[What is required]: All the lines below should be set down exactly, with no picture carried into the copy.

[The data]:
----------------------------------------

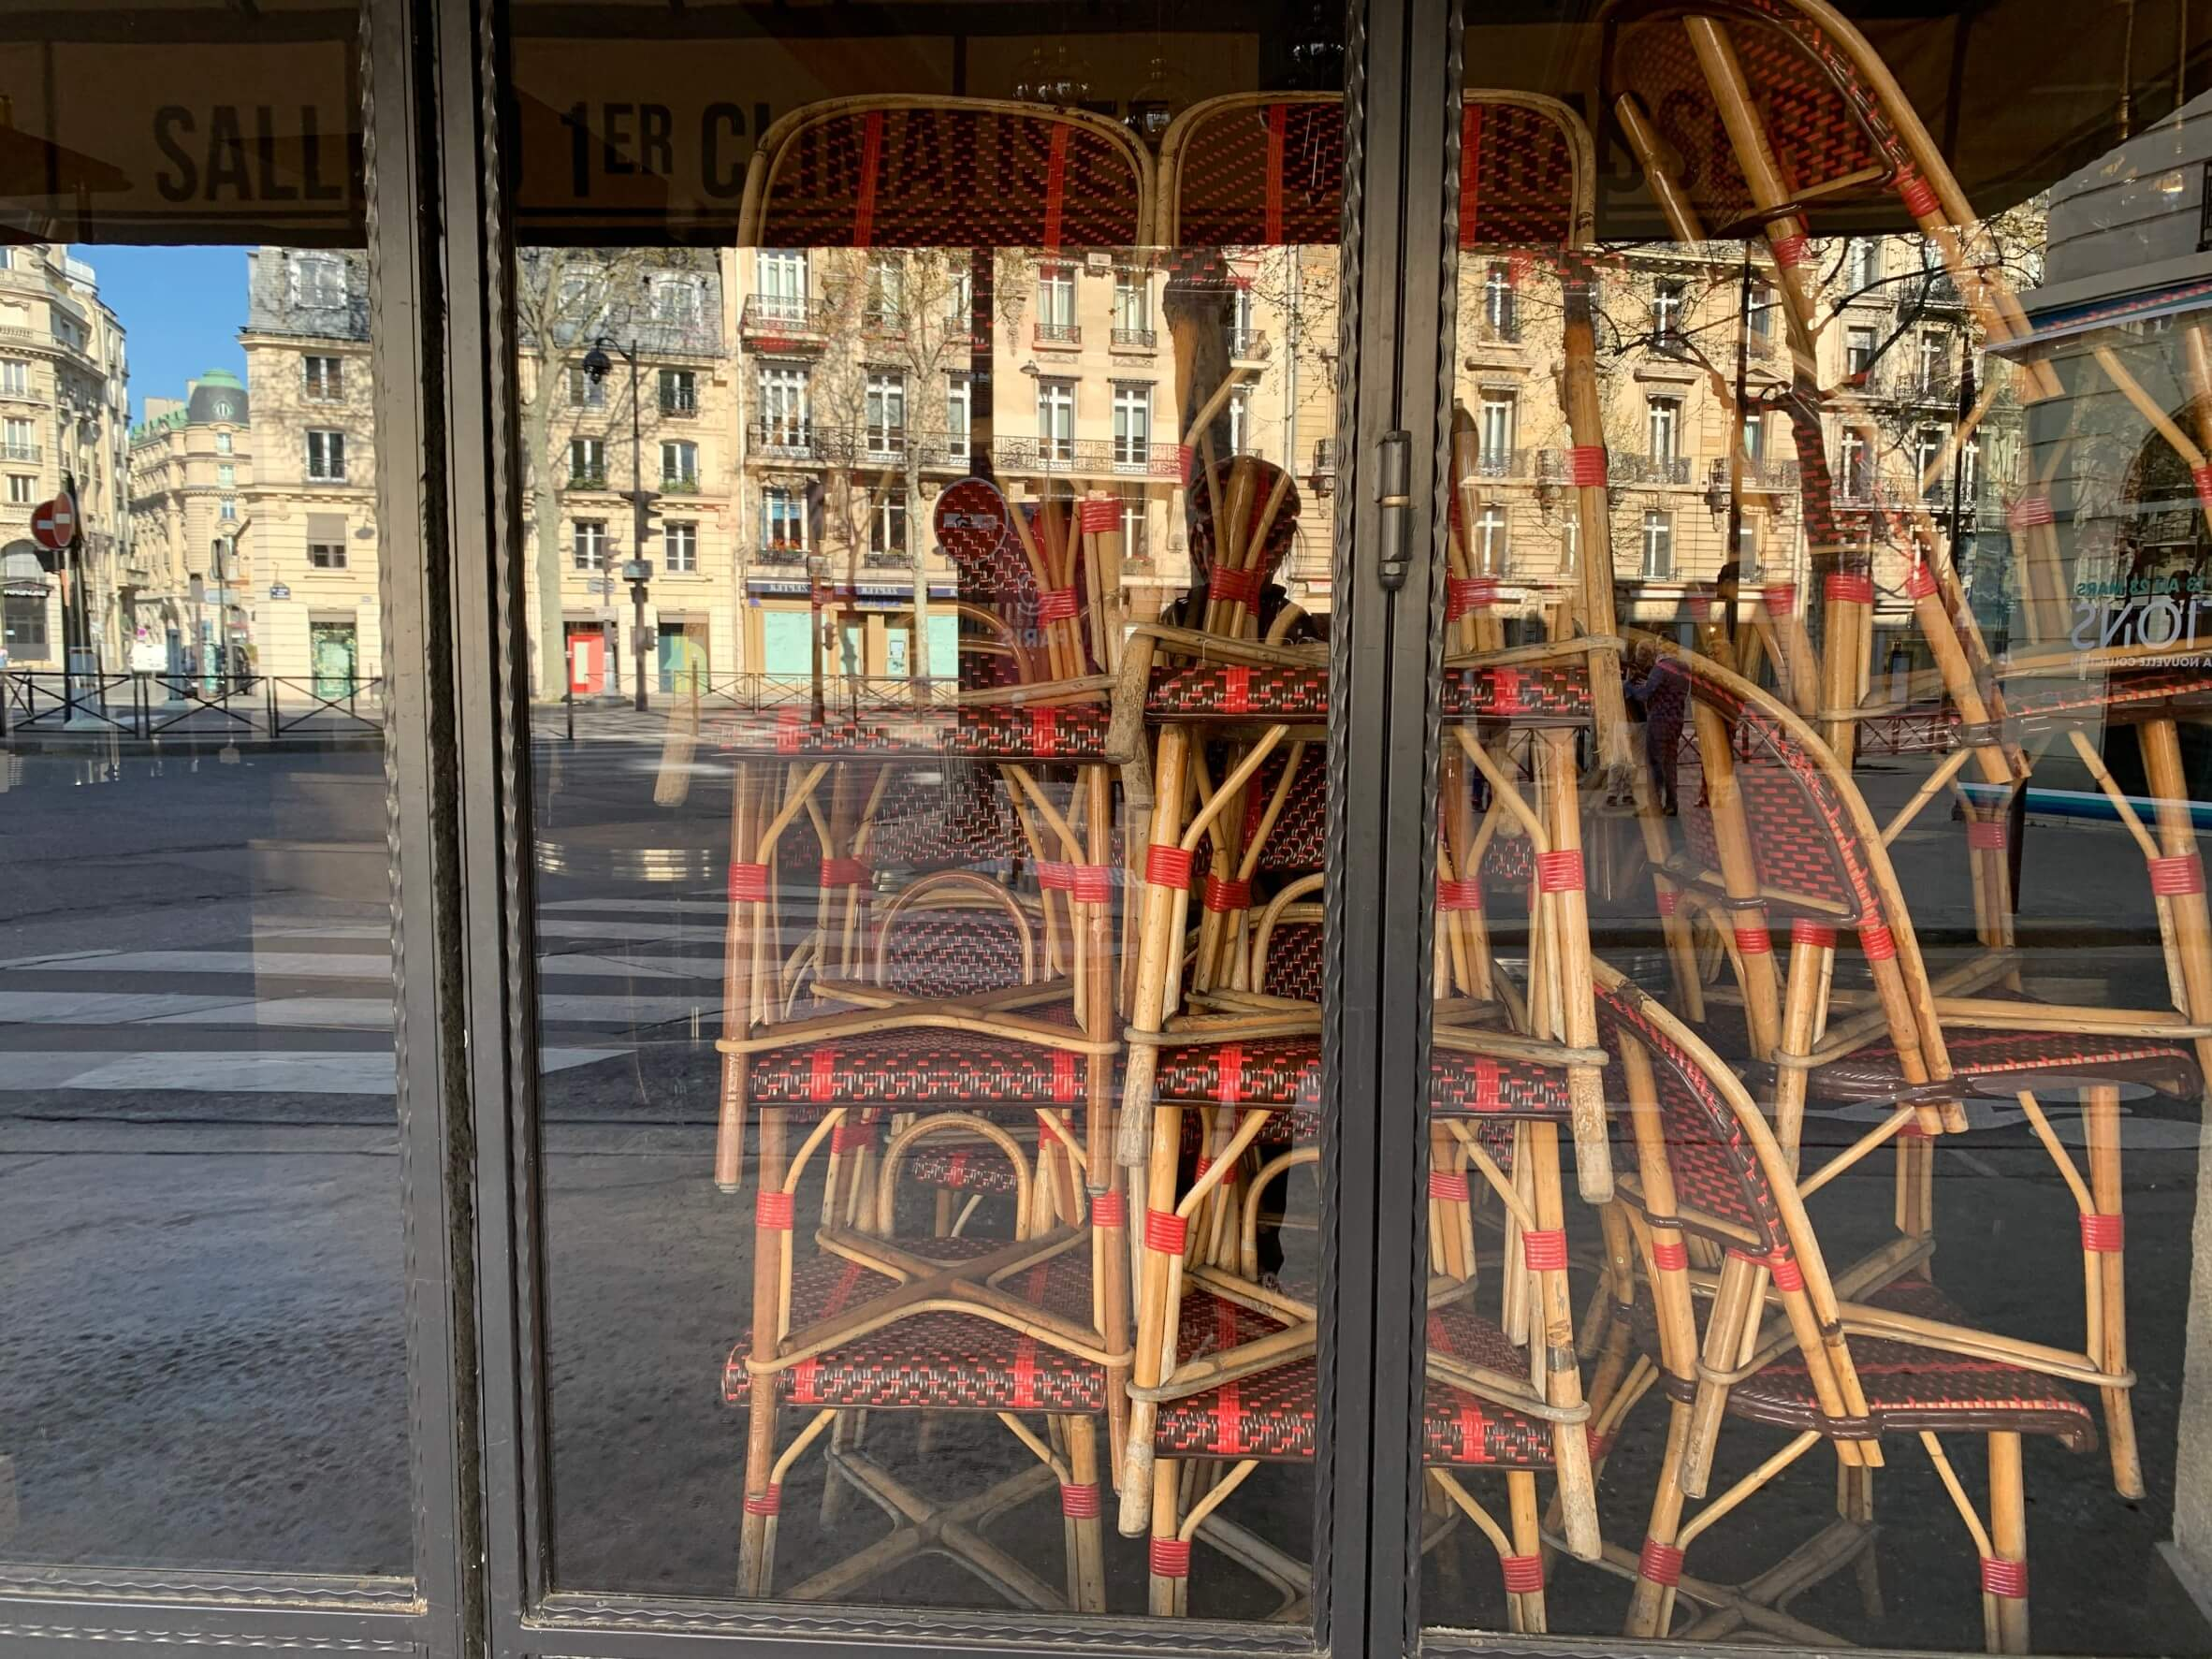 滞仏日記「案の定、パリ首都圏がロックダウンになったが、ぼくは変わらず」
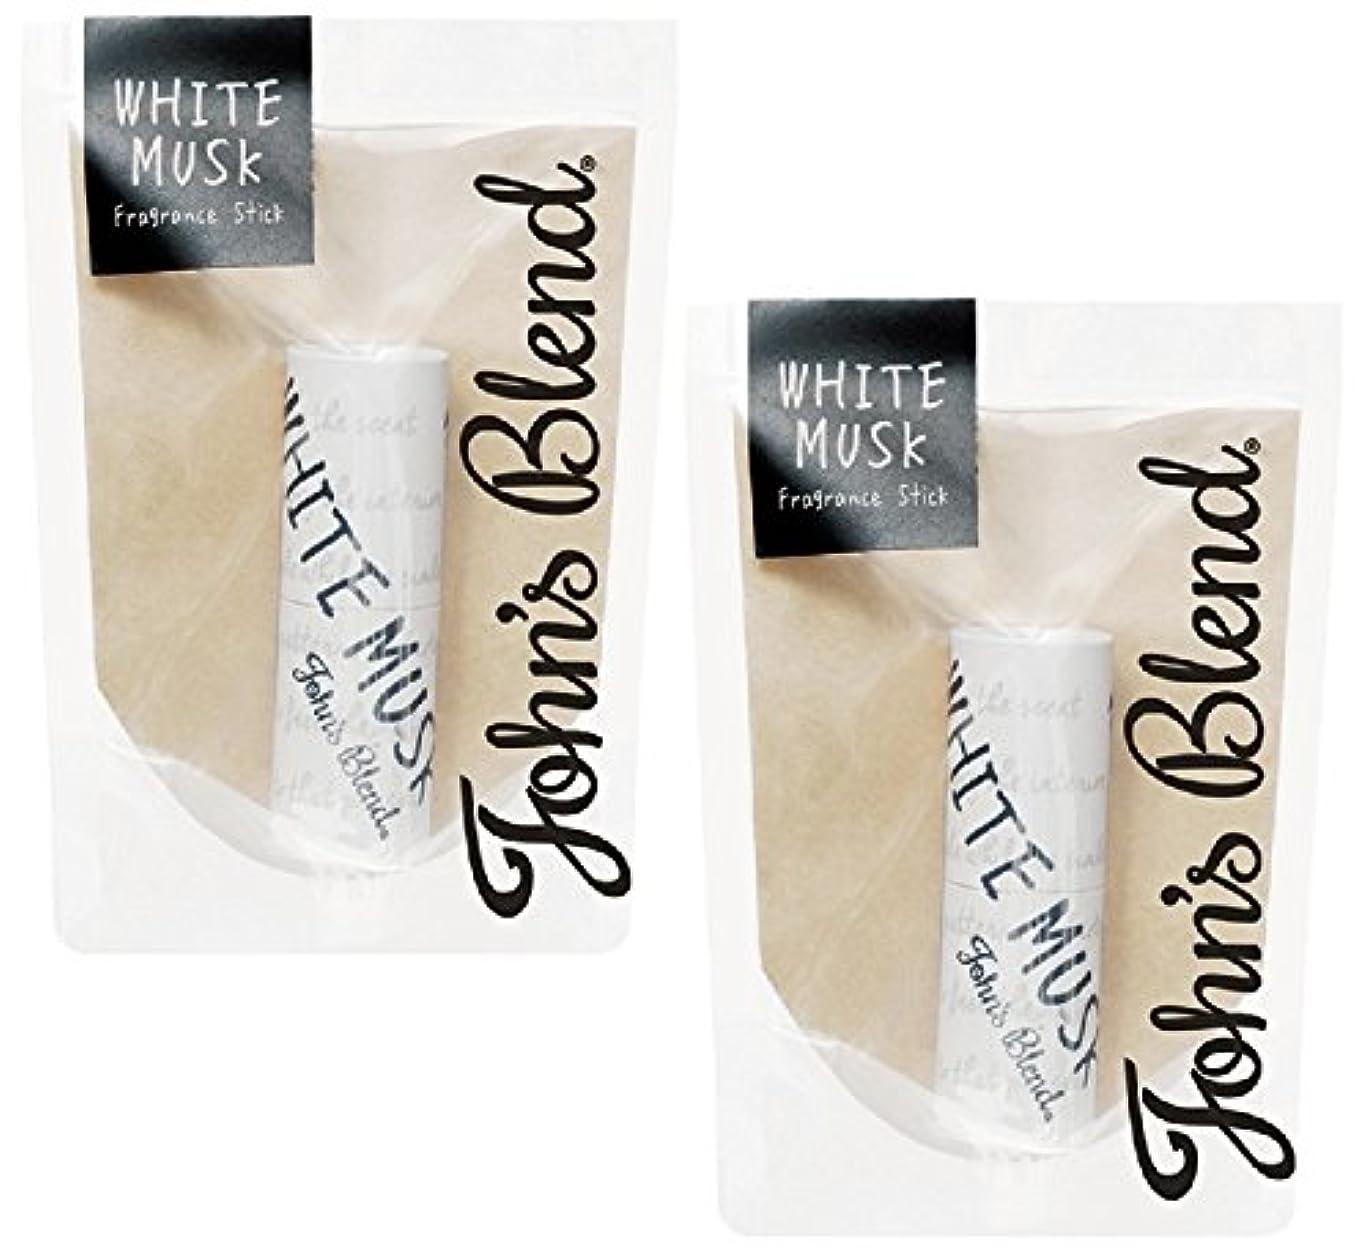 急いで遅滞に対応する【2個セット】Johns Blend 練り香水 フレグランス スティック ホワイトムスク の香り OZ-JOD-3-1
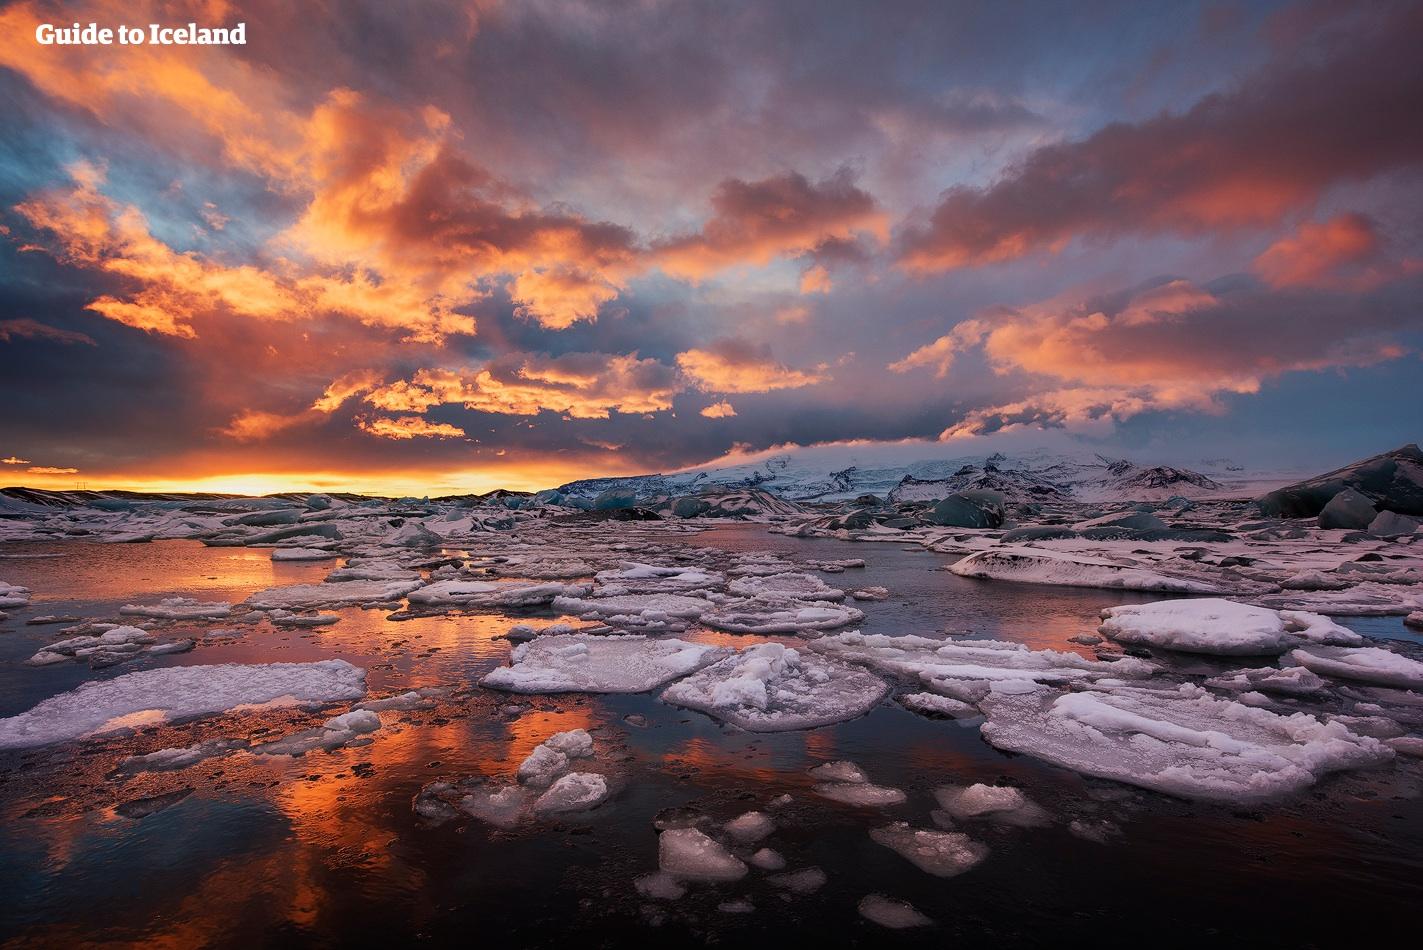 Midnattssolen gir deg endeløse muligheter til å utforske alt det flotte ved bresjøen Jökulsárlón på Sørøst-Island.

----------------------------------------

[Task answer]:
 滞仏日記「案の定、パリ首都圏がロックダウンになったが、ぼくは変わらず」
 急いで遅滞に対応する【2個セット】Johns Blend 練り香水 フレグランス スティック ホワイトムスク の香り OZ-JOD-3-1
 Midnattssolen gir deg endeløse muligheter til å utforske alt det flotte ved bresjøen Jökulsárlón på Sørøst-Island.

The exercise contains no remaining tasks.